Exercise prompt -> Which lines run from the one with "Hermès Wool x" through the end of the data? Retype them exactly, without pictures.

Information provided ->
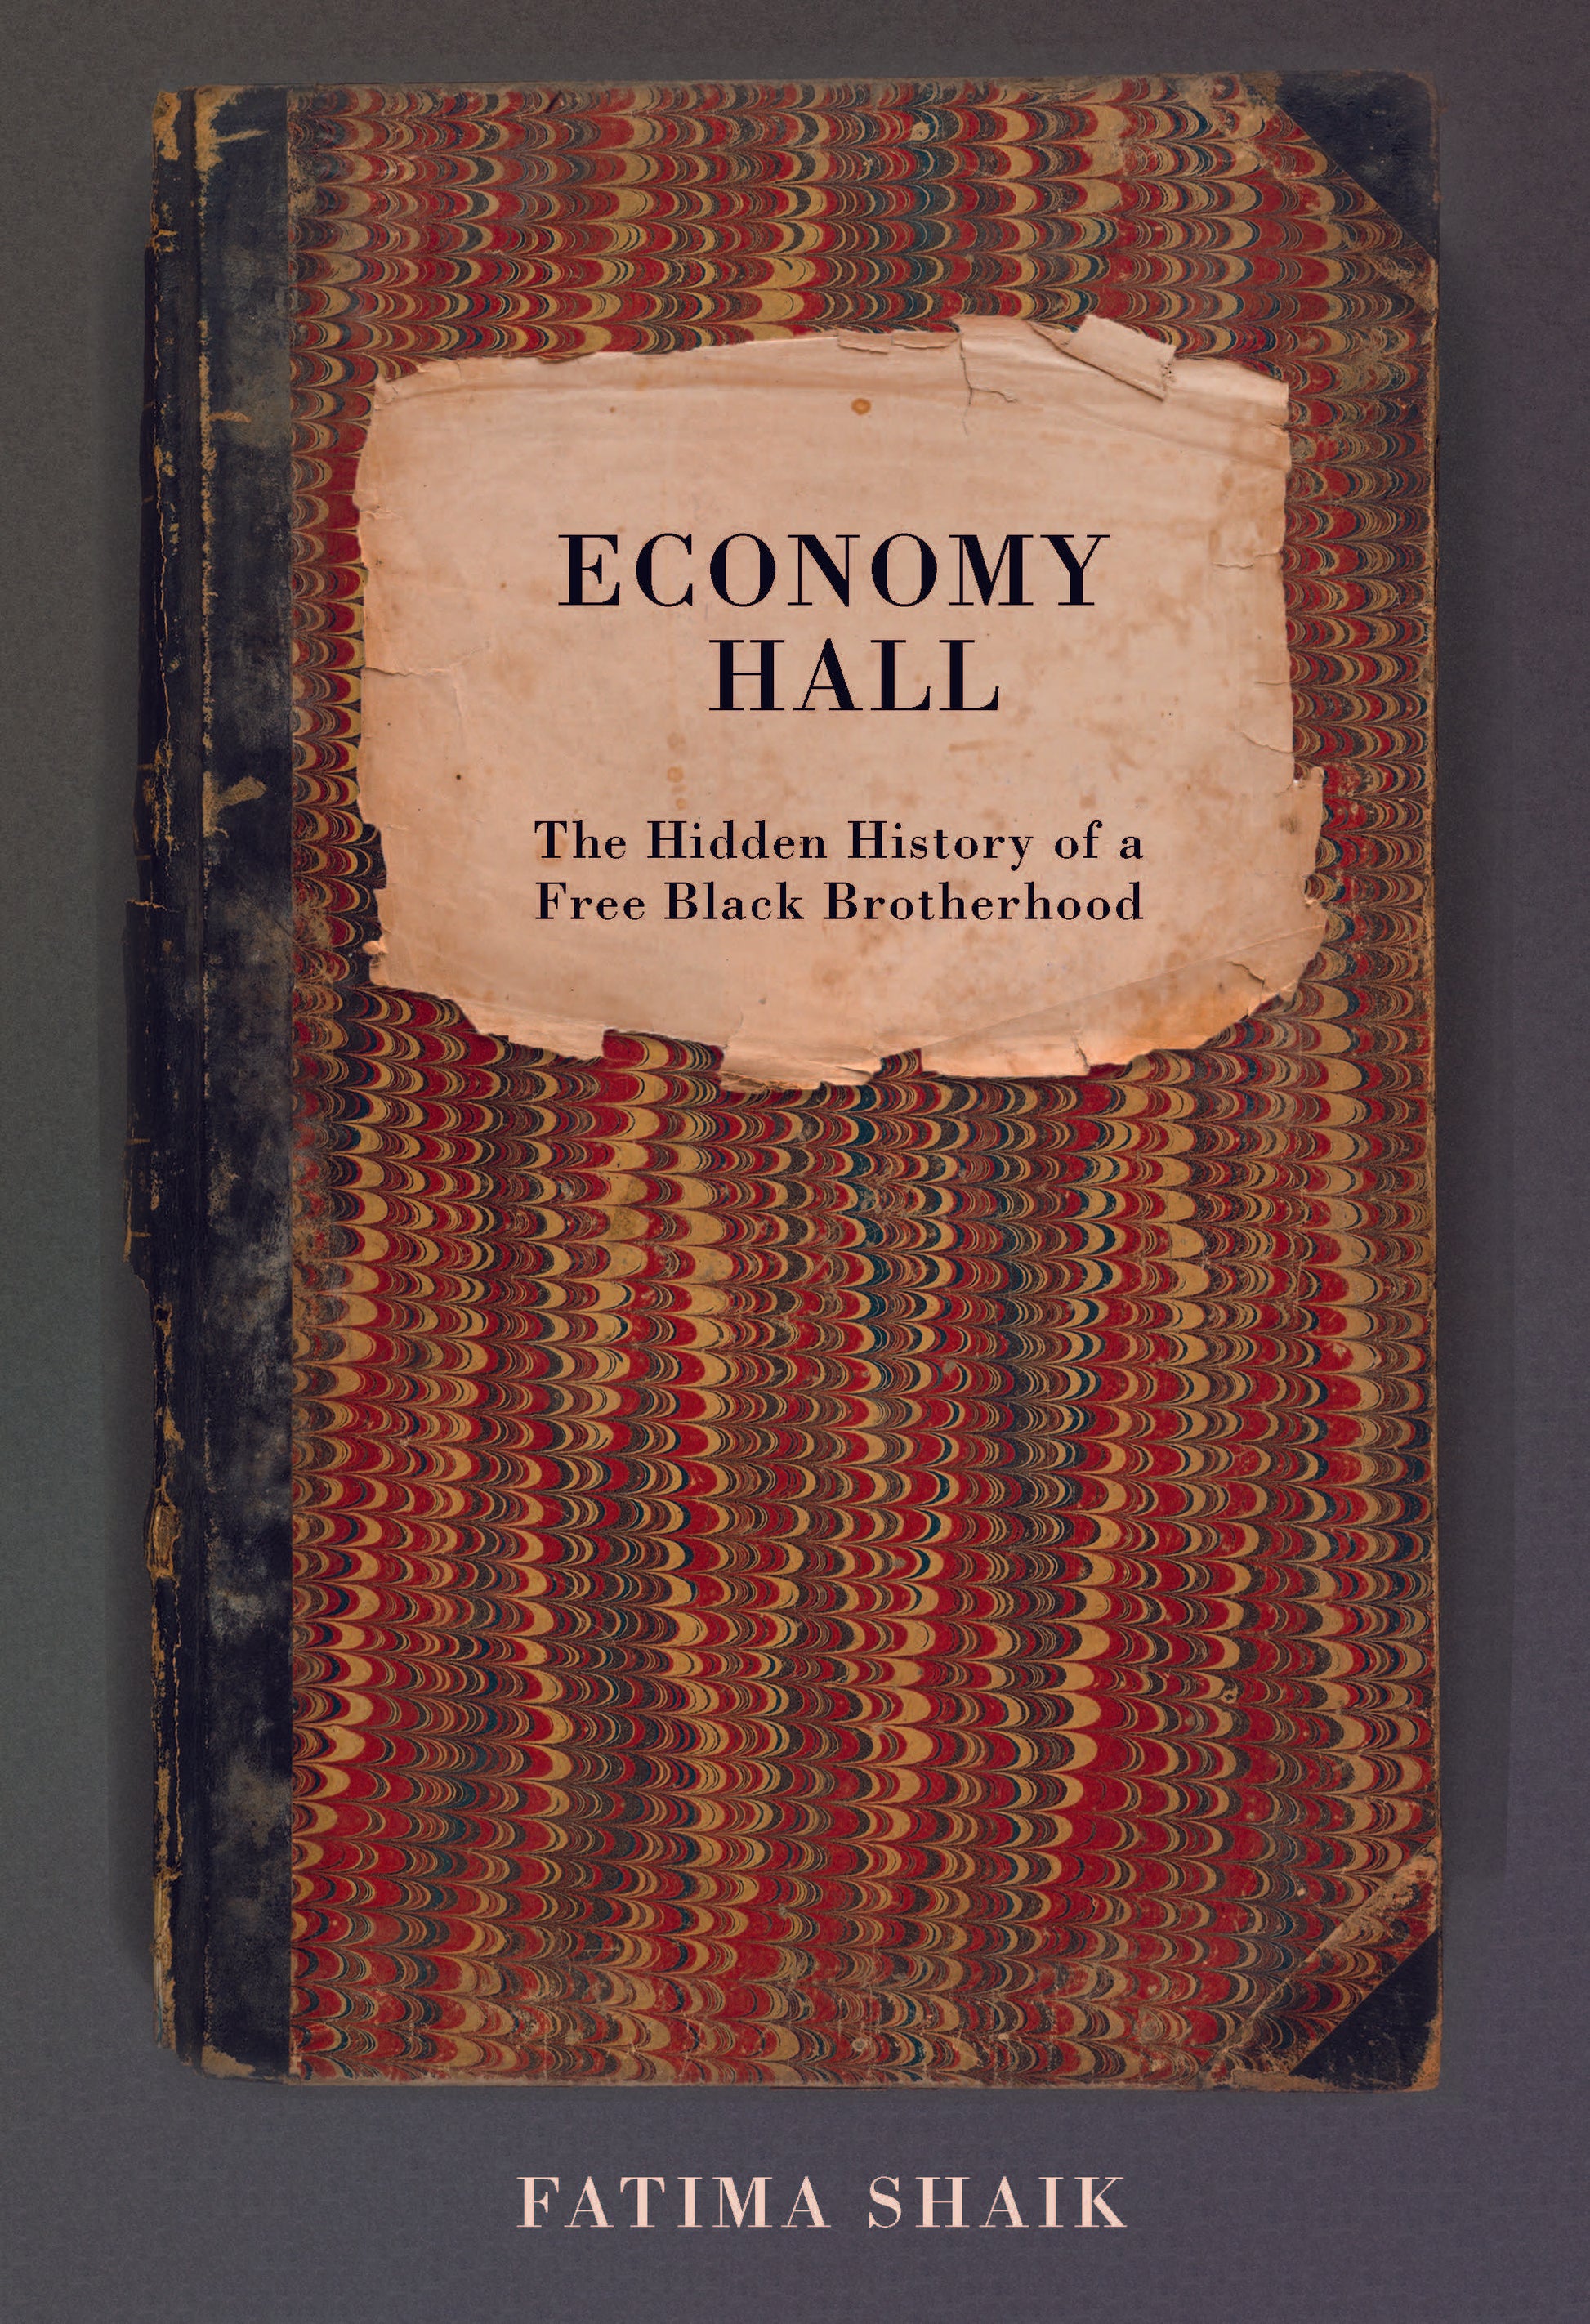 ECONOMY HALL THE HIDDEN HISTORY OF A FREE BLACK BROTHERHOOD
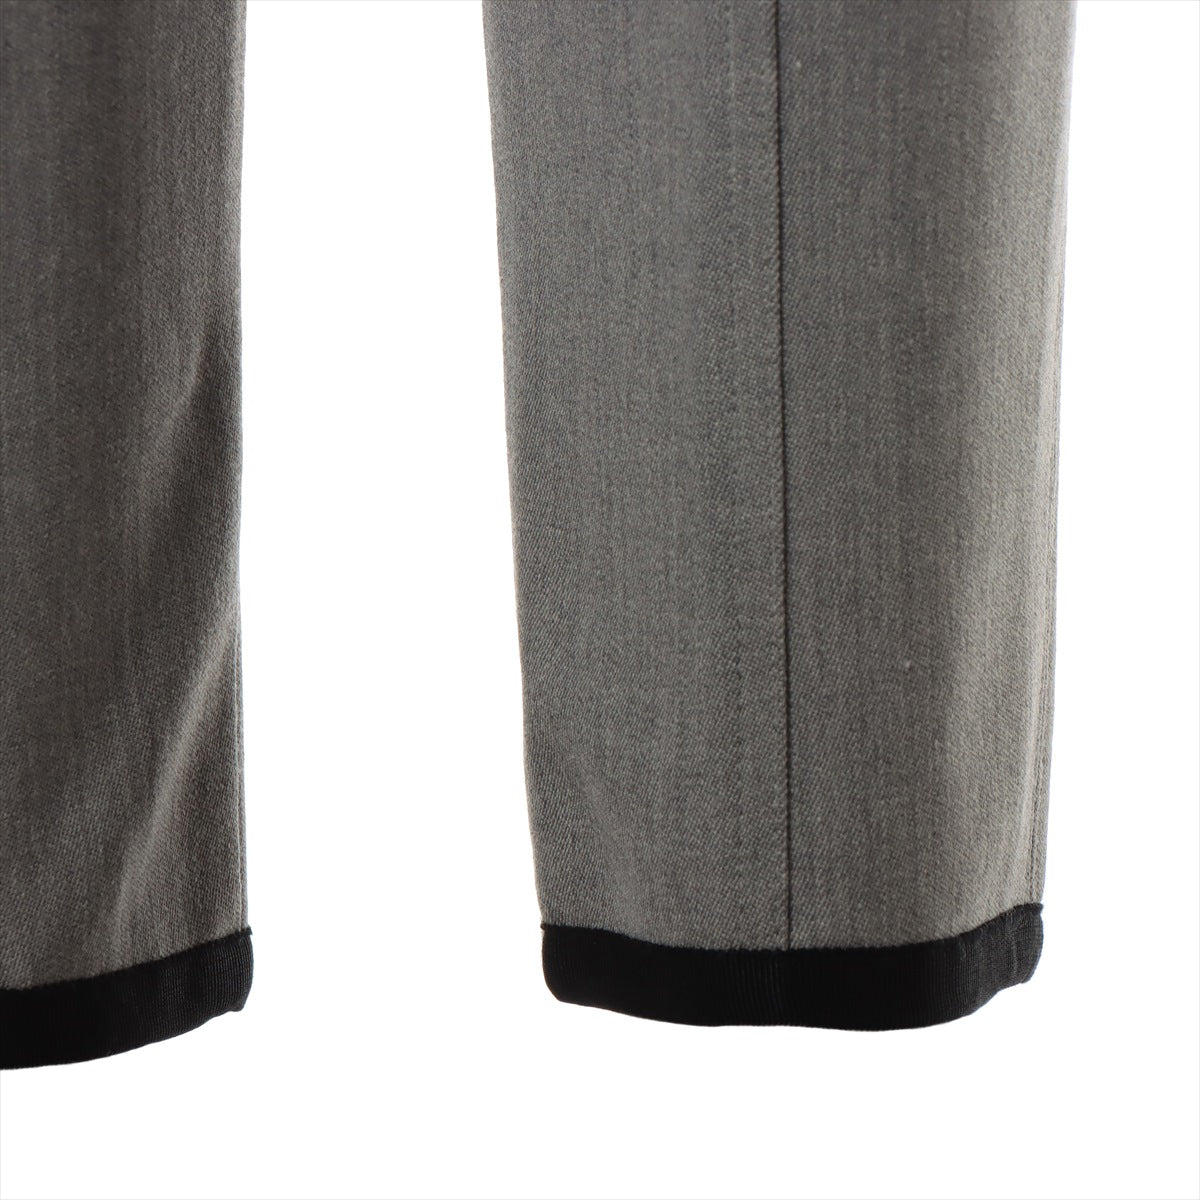 Hermès Wool x polyurethane Pants 36 Ladies' Grey
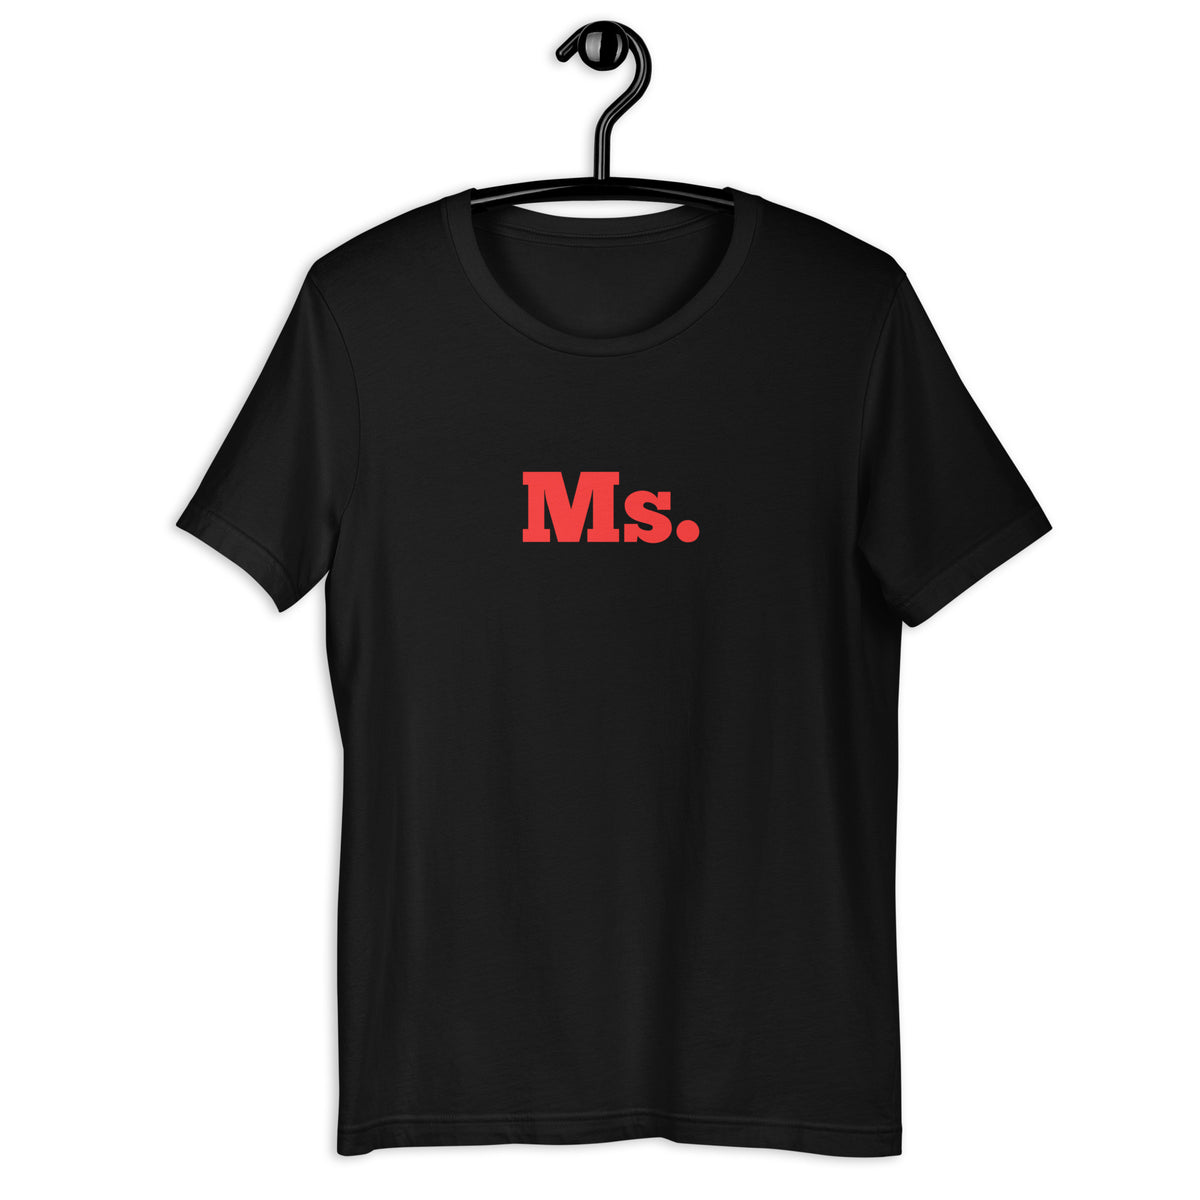 Ms Tee - Plus Size T-Shirt

Exercise output ->
 Hermès Wool x polyurethane Pants 36 Ladies' Grey
 Ms Tee - Plus Size T-Shirt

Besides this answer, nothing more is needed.